Welcome to SynthPops¶
SynthPops is used construct synthetic networks of people that satisfy statistical properties of real-world populations (such as the age distribution, household size, etc.). SynthPops can create generic populations with different network characteristics, as well as synthetic populations that interact in different layers of a multilayer contact network. These synthetic populations can then be used with agent-based models like COVID-19 Agent-based Simulator (Covasim) to simulate epidemics. SynthPops is available on GitHub. For more information on Covasim see Covasim on GitHub.
Installation¶
Follow the instructions below to install SynthPops.
Requirements¶
Python 3.6 64-bit. (Note: Python 2 is not supported.)
We also recommend, but do not require, using Python virtual environments. For more information, see documentation for venv or Anaconda.
Installation¶
Complete the following steps to install SynthPops:
Fork and clone the SynthPops GitHub repository.
Open a command prompt and navigate to the SynthPops directory.
Run the following script:
python setup.py develop
Note: while synthpops can also be installed via pypi, this method does not currently include the data files which are required to function, and thus is not recommended.
Quick start guide¶
The following code creates a synthetic population for Seattle, Washington:
import synthpops as sp
sp.validate()
datadir = sp.datadir # this should be where your demographics data folder resides
location = 'seattle_metro'
state_location = 'Washington'
country_location = 'usa'
sheet_name = 'United States of America'
level = 'county'
npop = 10000 # how many people in your population
sp.generate_synthetic_population(npop,datadir,location=location,
state_location=state_location,country_location=country_location,
sheet_name=sheet_name,level=level)
SynthPops overview¶
Fundamentally, the population network can be considered a multilayer network with the following qualities:
- Nodes are people, with attributes like age.
- Edges represent interactions between people, with attributes like the setting in which the interactions take place (for example, household, school, or work). The relationship between the interaction setting and properties governing disease transmission, such as frequency of contact and risk associated with each contact, is mapped separately by Covasim or other agent-based model. SynthPops reports whether the edge exists or not.
If you are using SynthPops with Covasim, note that the relevant value in Covasim is the parameter beta, which captures the probability of transmission via a given edge per time step. The value of this parameter captures both number of effective contacts for disease transmission and transmission probability per contact.

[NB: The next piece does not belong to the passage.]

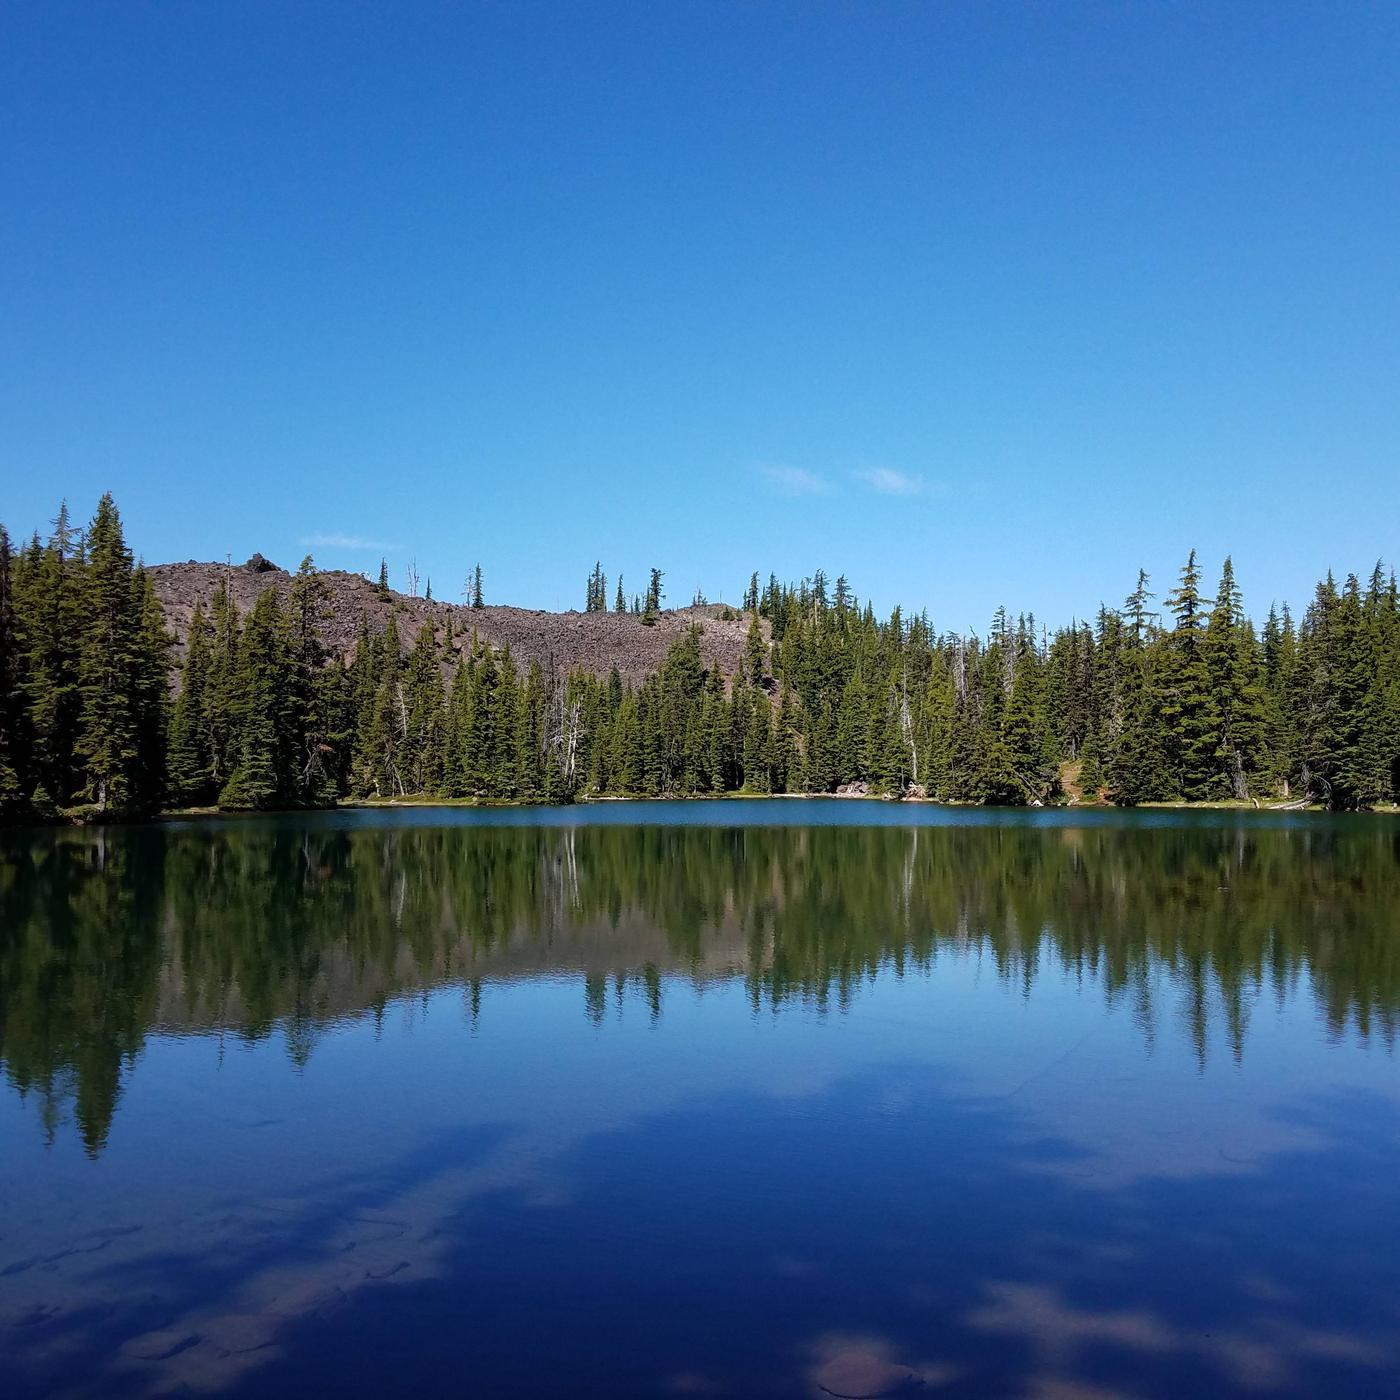 Lava Camp Lake, PCT North Mattieu Lake, South Mattieu Lake, Millican, Scott Pass, Yapoah Lake, Yapoah CraterNorth Mattieu Lake

The generated network is a multilayer network in the sense that it is possible for people to be connected by multiple edges each in different layers of the network. The layers are referred to as contact layers. For example, the workplace contact layer is a representation of all of the pairwise connections between people at work, and the household contact layer represents the pairwise connections between household members. Typically these networks are clustered; in other words, everyone within a household interacts with each other, but not with other households. However, they may interact with members of other households via their school or workplace. Some level of community contacts outside of these networks can be configured using Covasim or other model being used with SynthPops.
SynthPops functions in two stages:
- Generate people living in households, and then assign individuals to workplaces and schools.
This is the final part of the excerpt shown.